Para que a memória não esqueça, vale a pena referir que com o consentimento dos líderes mundiais, porque sabendo o que se estava a passar com a colonização belga no Congo (Zaire), onde o rei Leopoldo II permitiu que se cometessem toda a espécie de atrocidades e chacinas, e esses líderes fizeram “vista grossa”!

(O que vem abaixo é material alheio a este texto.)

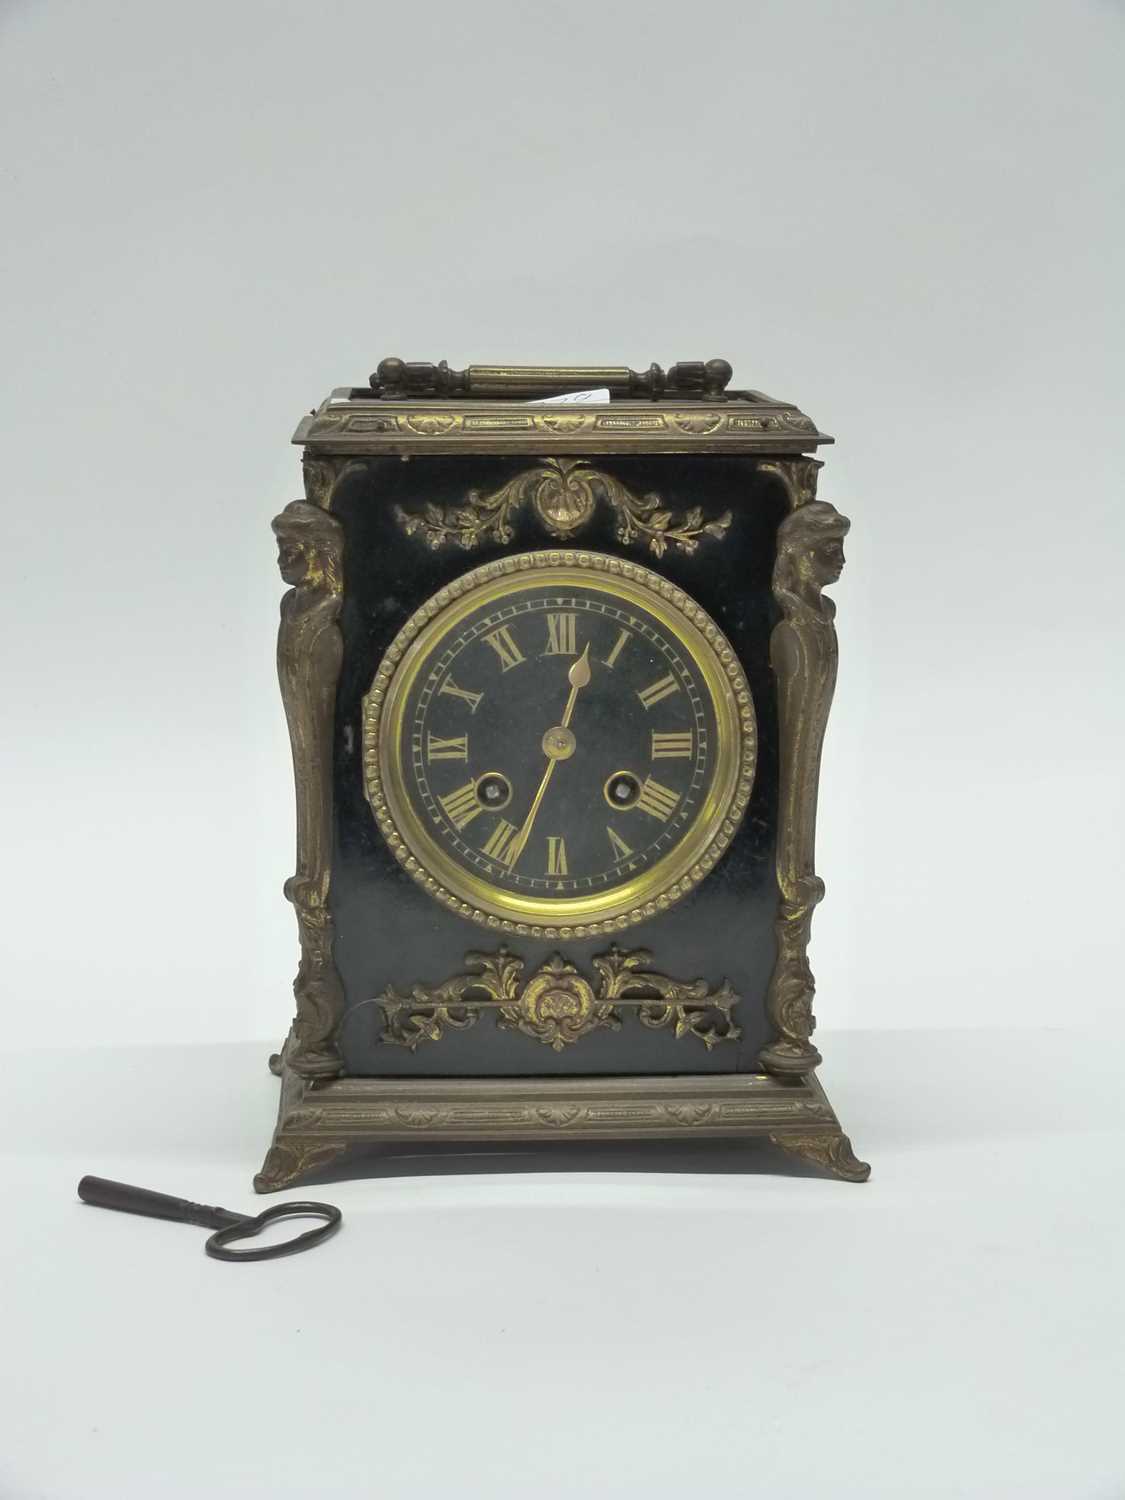 A 19th Century brass mantel clock, black ebonised wood with gilt brass decoration, 23cm high (with

As passagens transcritas a seguir envergonham o chamado “mundo civilizado”:
“.….Muitos aventureiros de toda a Europa foram para o Congo, nessa época, atraídos pelo dinheiro fácil conseguido através da venda de escravos. Outros invadiam as aldeias que resistiam ao trabalho de extração da borracha e, para cada bala disparada, tinham que apresentar a um oficial belga a mão direita do africano morto, para só assim receberem o pagamento………… Um oficial belga exibe, orgulhoso, o seu “jardim de crânios”, que consistia em uma cerca ao redor de sua casa, toda construída com cabeças africanas decepadas, numa clara intenção de intimidar os que, porventura, ousassem desobedecer as ordens de Sua Majestade………… Para se ter uma ideia de tanta desumanidade, basta observar o que disse um oficial, conhecido por Fiévez, tentando justificar a chacina de cem pessoas, quando estas não conseguiram fornecer aos seus soldados o peixe e a mandioca exigidos: “Eu fazia guerra contra eles. Um exemplo bastava: cem cabeças cortadas fora e a estação voltava a ser abastecida com fartura. Meu objetivo final é humanitário. Eu mato cem pessoas […] mas isso permite que outras quinhentas vivam”. Como afirmou Edmund Morel, uma das maiores vozes que ecoaram contra o trabalho escravo dos africanos, “o Congo é uma sociedade secreta de assassinos, tendo um rei como cabeça…….”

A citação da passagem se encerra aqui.